In short, UTC with leap seconds is no problem at all, as long as exactly 86400
seconds exist in every day (1) for the common calendar calculations and the
leap second is "smoothed" by the computer time synchronization code. Google
already used this approach (and blogged about it while not crediting Kuhn, as
far as I understood).

The common operating systems should just use UTC-SLS for the calendar-related
time.
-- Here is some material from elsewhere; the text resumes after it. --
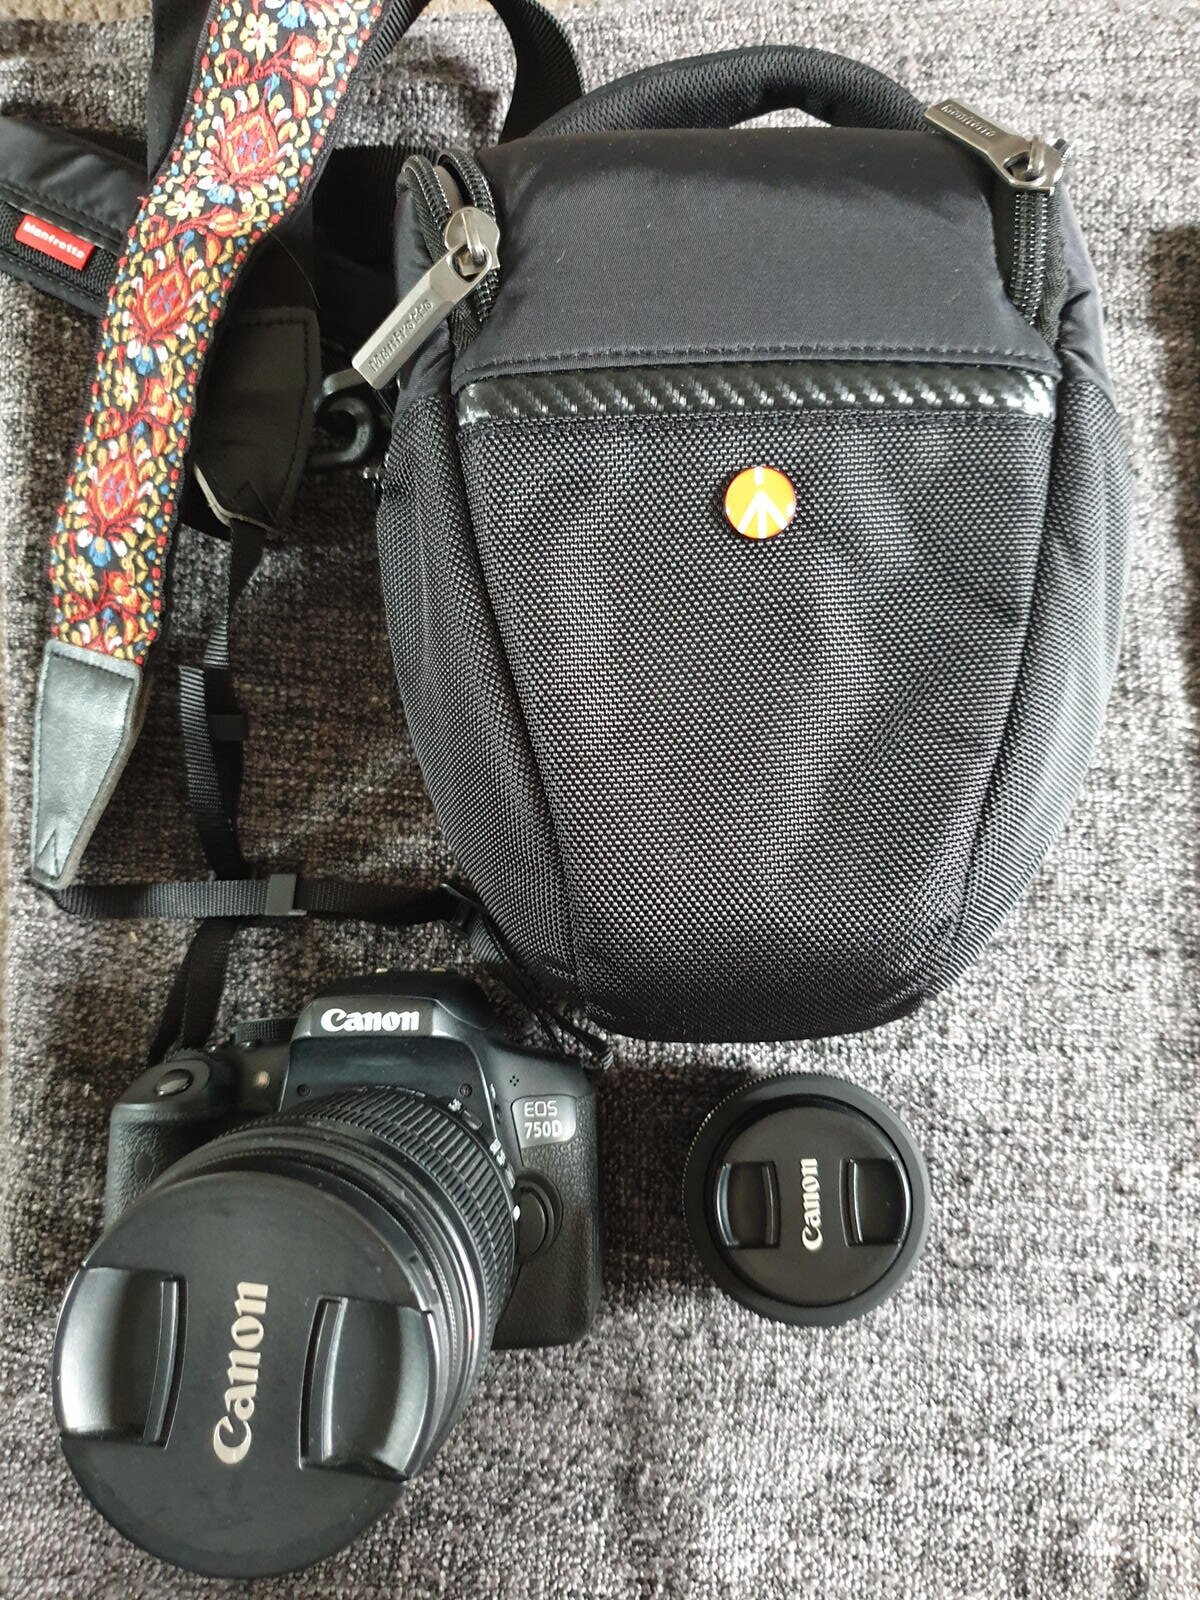 My camera bag and camera
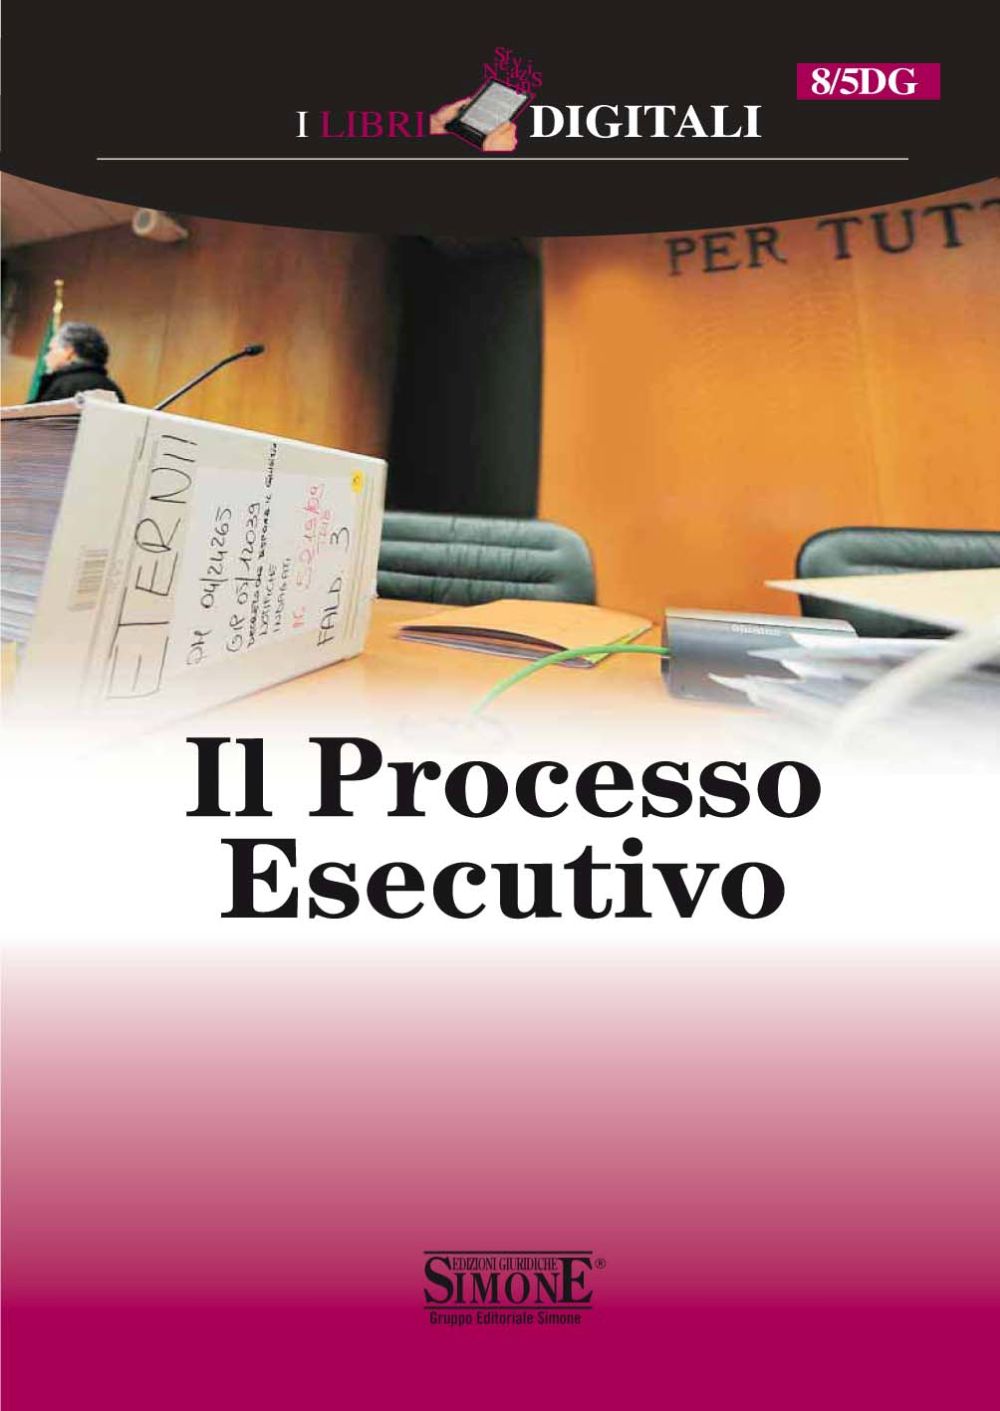 [Ebook] Il Processo esecutivo

Who needs the "real honest atomic seconds" already uses TAI.

More details also here:

[https://news.ycombinator.com/item?id=9018367](https://news.ycombinator.com/item?id=9018367)

\--

1) POSIX already specifies that every day has exactly 86400 seconds for
"Seconds Since the Epoch" and the current code relies on that:

[http://pubs.opengroup.org/onlinepubs/9699919799/basedefs/V1_...](http://pubs.opengroup.org/onlinepubs/9699919799/basedefs/V1_chap04.html#tag_04_15)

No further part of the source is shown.